I have often wondered if I were to do some things over again in my life, what that possible outcome would be. Maybe if I picked a different college to attend or even a different major and how that might have swayed my life one way or the other.
Most of these fantasies are really only around one particular decision or event. My mind just can't grasp the whole implications of what that future really would have been like if that decision would have been made differently. And, of course, most of these fantasies revolve around elaborate theories of a particular circumstance whose result I dealing with now and maybe, just maybe, with a different call so many years ago things would be much better today.
I think back to my own coming of age - growing up in a small town in Eastern Oregon where most people knew everyone else and getting away with much was difficult - especially when most people in town knew your parents. I didn't know it then, but so much of my early life was sheltered. It was safe - I could ride my bike all over town (and did). I would even walk a couple of miles after school to stay with our caretaker before my mom and dad got off work. All of this as a 6 year old.
My friends and I would hang out in deserted lots and explore random aspects of our city. Crawling through the framework of a house being built or walking through a field of wheat. The life I had as child allowed for a large safety net without exposure to many of the random evils that chip away at a purist vision of what the world was like.
Then as puberty struck and topics in school and life became more complicated - the exposure to the other "possibilities" of a life not yet fulfilled with that first grand vision of what was waiting for you once you "grew up". And the race to drink from that cup became an obsession. The overwhelming desire to experience what was "out there".

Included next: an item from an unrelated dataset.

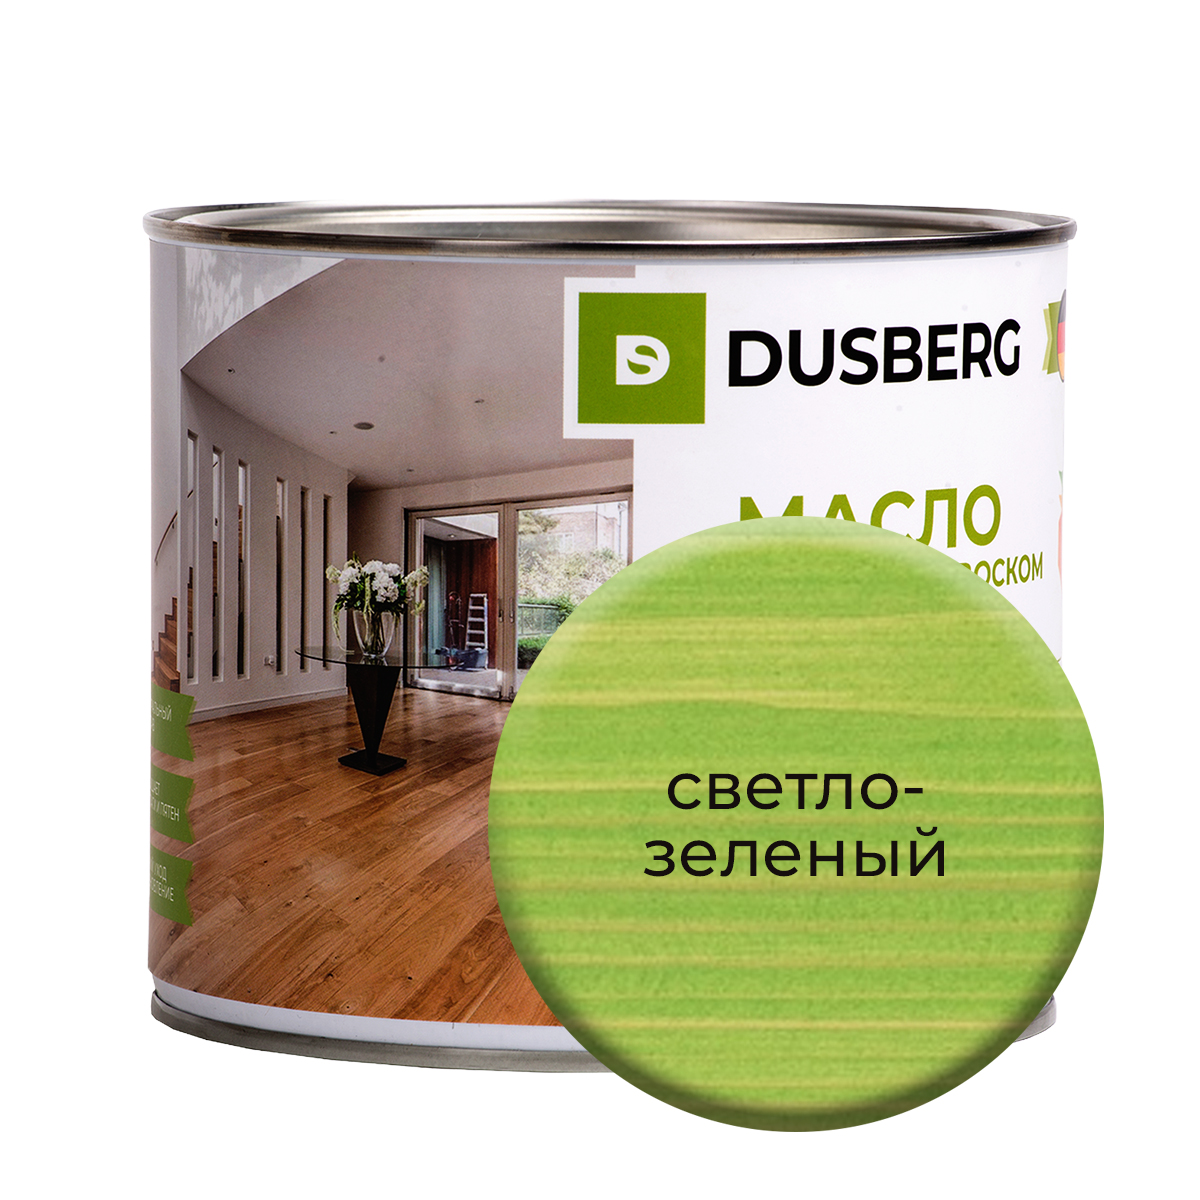 Масло Dusberg с твердым воском на бесцветной основе, 2 л Светло-зеленый масло dusberg с твердым воском на бес ной основе 2 л прозрачный серо зеленый

Even in a small town, choices could be made at an early age. I remember the first time I took a drink of beer (I hated it!) or smoked a cigarette (hated it too) or really kissed a girl (that, was pretty good - but gawd, I was awful!). I did manage to stay away from drugs although some of my friends didn't. I was a product of a very conservative family and was in constant conflict of what I would "like" to do and what I was "supposed" to do.
As those milestones in my life were ticked off, the preceding feelings of wondering what it would be like once that particular event happened to it actually happening left a pretty big void without much fanfare. Life had moved on and no matter how much I had tried to guess at what I would feel like post accomplishment, I never came close. Usually just left with confused feelings and the fact that it was now gone from my list of things I thought I wanted. It's the aftermath that is the real bear and sometimes are felt for a really long, long time.
What I didn't realize at the time was I was cashing in my innocence one event at a time. Fortunately for me, I didn't have a traumatic event (or series of events) that caused great pain that forever changed me in an instant - but my transformation was a very slow one - one that usually left me feeling that I was somehow behind the curve - no matter what had happened to me before. So some key events fell in reckless behavior under the guise of wanting to be like everyone else.
I think about that race to lose my innocence and how I suppose most people blow through that most valuable of currencies with such reckless abandon that when the dust finally settles and you find yourself bankrupt, it is at that point when the true value of that innocence was realized and how it can never be returned. Guilt can sometimes be overwhelming.
I think about it a lot since I became a father. Of trying to somehow moderate how much exposure my daughter and son have over their lifetimes without withholding too much or overexposing them. I can see why so many people complain about TV when it's harder to edit content (other than we can choose to turn it off). My desire to have them be well prepared for life on their own along with not being damaged along the way. The fear of failing those that you love the most.
I can also look back and take most of it in and know that even with elaborate fantasies of a different choice made that by any variation would take me from where I am today. My wife and children would be taken away from me by a change any place along the way and that is completely unacceptable. And that for all of the good and poor choices along the way of the spending of my own innocence that all of it culminates in my own being right here and right now. In the end, it's just a record of my life with every event shaping who I am.
I like to say that we spend the first few years of our lives trying to lose our innocence and the rest of our days trying to get it back. Like the proverbial Genie in a Bottle. But then, without those experiences, where would any of us be?